Western liberals have focused substantial energy on decrying and challenging the moral legitimacy of white minority rule. There was nothing wrong with per say. Challenging racism is noble, except that these liberals usually turned a blind-eye to the far greater cruelty and abuse that became the norm for so many post-colonial and majority-run African nations. Institutional race-based supremacy and legal segregation are ugly and unjust things that offend the werewolf to his very core. The werewolf is not endorsing the restoration of white minority regimes (although as noted by Kristof, those suffering would welcome their restoration). However, they pale in comparison to the genocide, ethnic cleansing, violent tribalism, and economic crimes committed throughout large swaths of post-colonial Africa. Kristof, is taking an important first step in acknowledging that dichotomy and one of the awful legacies of liberal racism and double-standards when it came to advocating for Africa. Good for him.
“When the country changed from Rhodesia to Zimbabwe, we were very excited,” one man, Kizita, told me in a village of mud-walled huts near this town in western Zimbabwe. “But we didn’t realize the ones we chased away were better and the ones we put in power would oppress us.

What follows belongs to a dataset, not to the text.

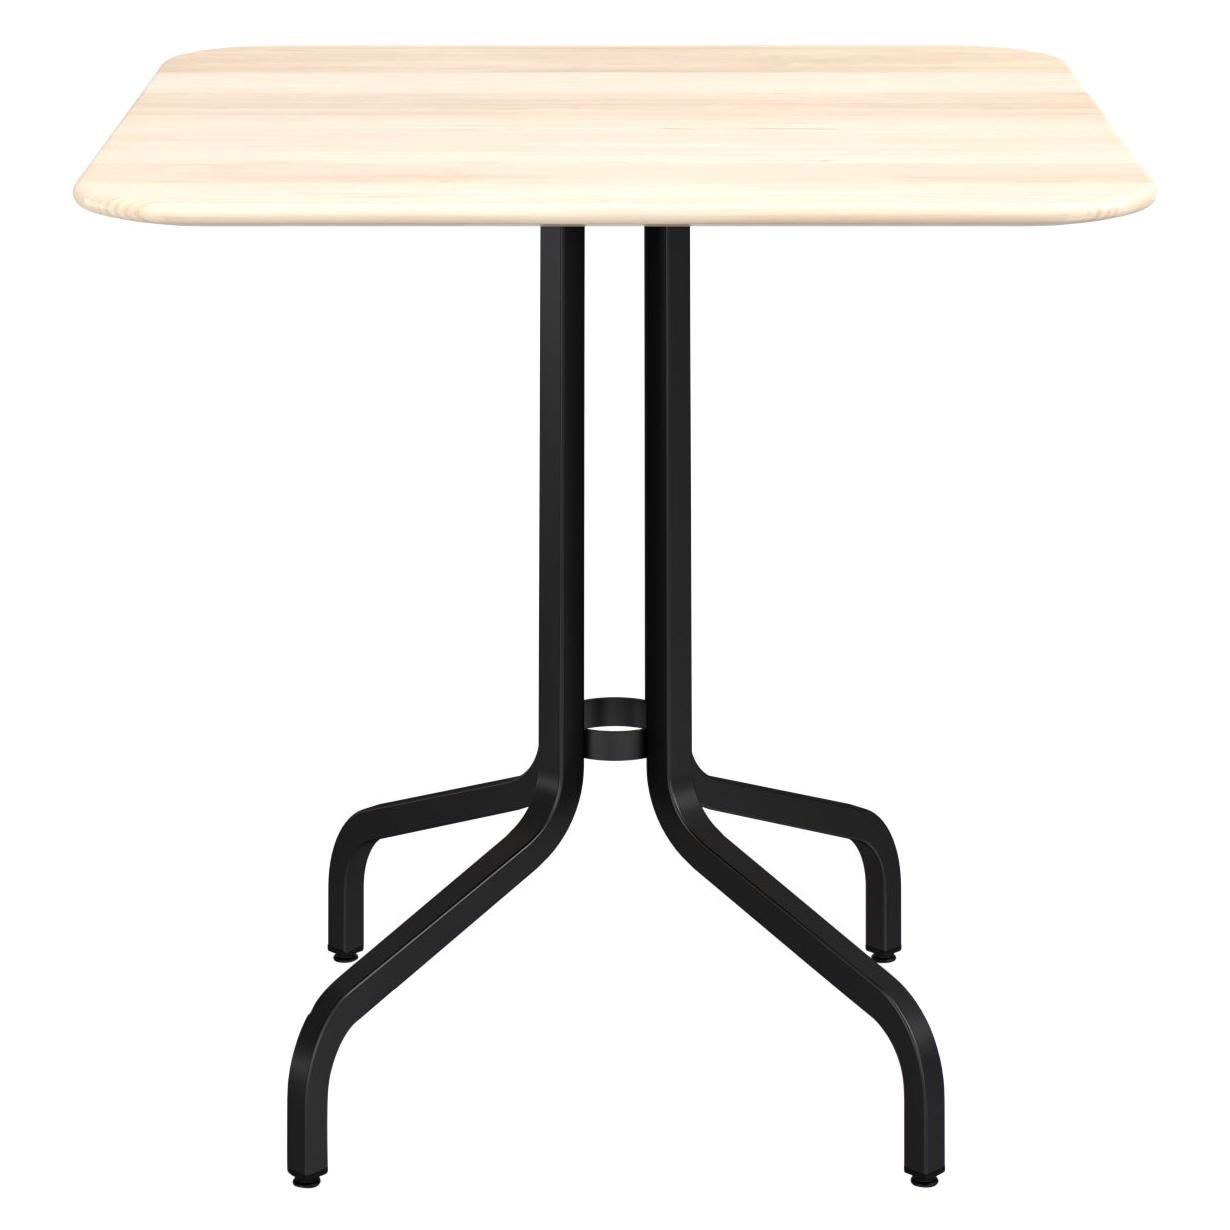 Emeco 1 Inch Medium Cafe Table with Black Legs & Wood Top by Jasper Morrison

“It would have been better if whites had continued to rule because the money would have continued to come,” added a neighbor, a 58-year-old farmer named Isaac. “It was better under Rhodesia. Then we could get jobs. Things were cheaper in stores. Now we have no money, no food.”
Over and over, I cringed as I heard Africans wax nostalgic about a nasty, oppressive regime run by a tiny white elite. Black Zimbabweans responded that at least that regime was more competent than today’s nasty, oppressive regime run by the tiny black elite that surrounds Mr. Mugabe."
Democracy 'one man/one vote/one time'-style is obviously not the answer. Will Africans and the transnational progressive elites currently occupying Western governments heed the lesson? I doubt it.